(Beginning of Listed entries)

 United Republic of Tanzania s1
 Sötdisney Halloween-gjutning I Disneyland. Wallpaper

(End of Listed entries)
(Beginning of Listed entries)

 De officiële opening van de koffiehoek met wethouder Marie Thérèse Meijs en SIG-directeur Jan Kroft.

(End of Listed entries)
(Beginning of Listed entries)

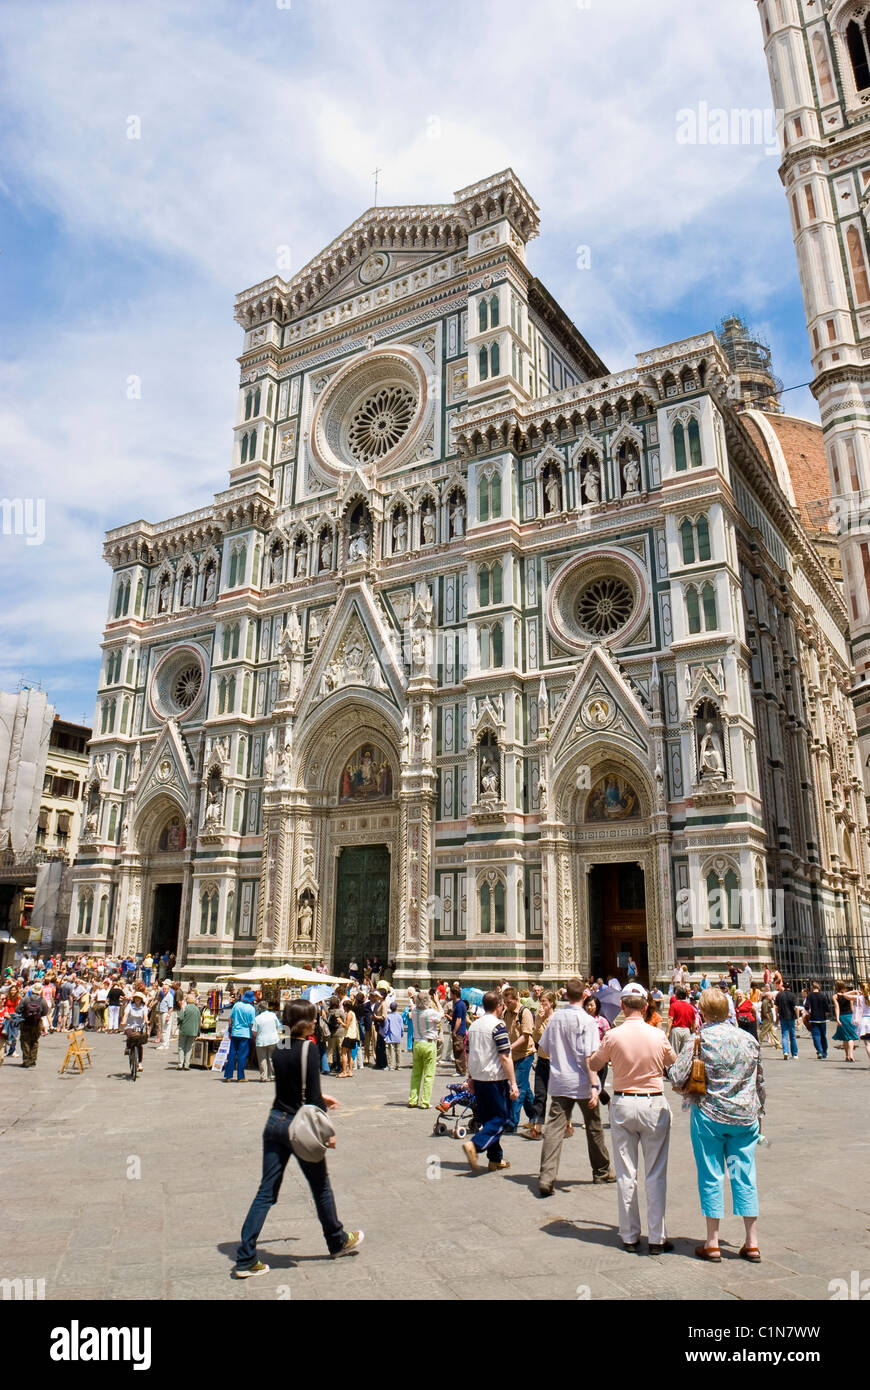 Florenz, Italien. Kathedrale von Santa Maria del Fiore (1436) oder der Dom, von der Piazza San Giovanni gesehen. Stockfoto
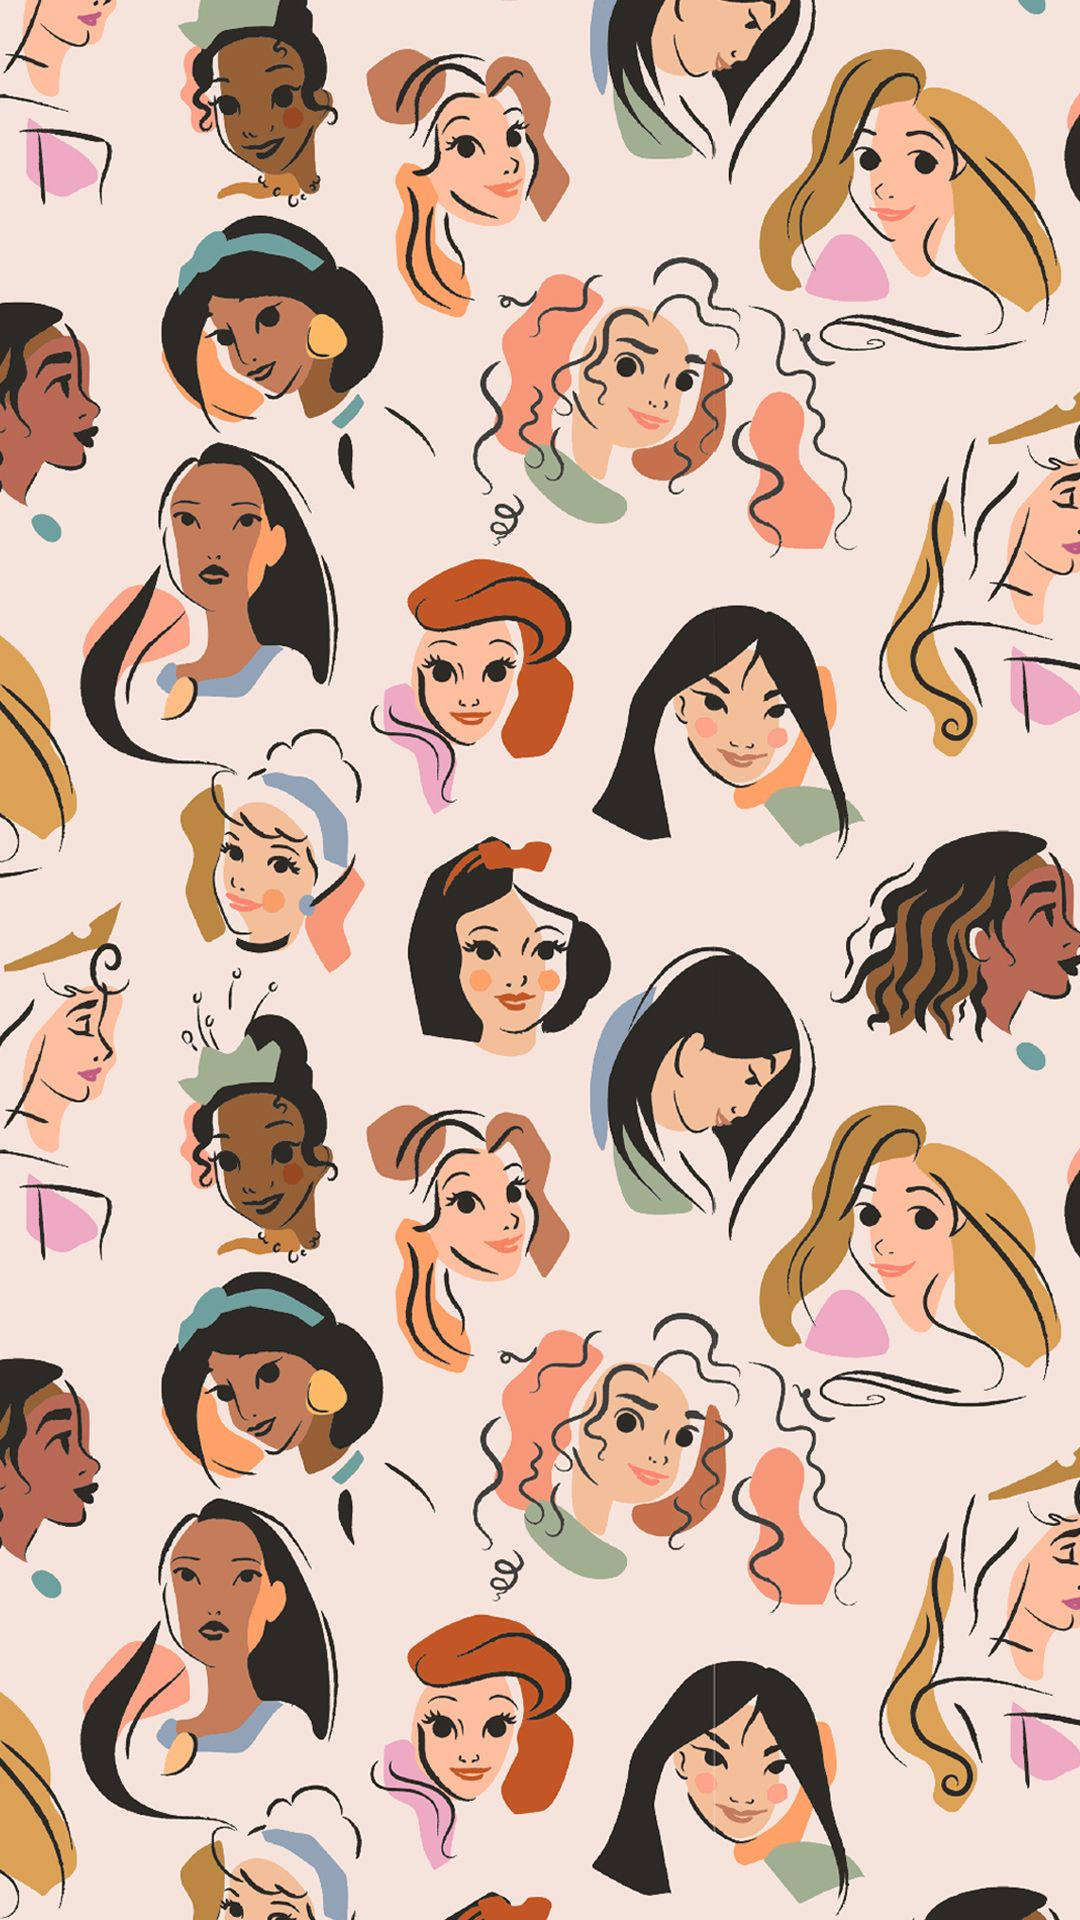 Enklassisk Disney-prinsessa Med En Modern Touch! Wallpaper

(End of Listed entries)

Directions — Working from the records above, write out verbatim only the lines from the line containing "United Republic of Tanzania s1" through the line containing "Sötdisney Halloween-gjutning I".

Exercise result —
 United Republic of Tanzania s1
 Sötdisney Halloween-gjutning I Disneyland. Wallpaper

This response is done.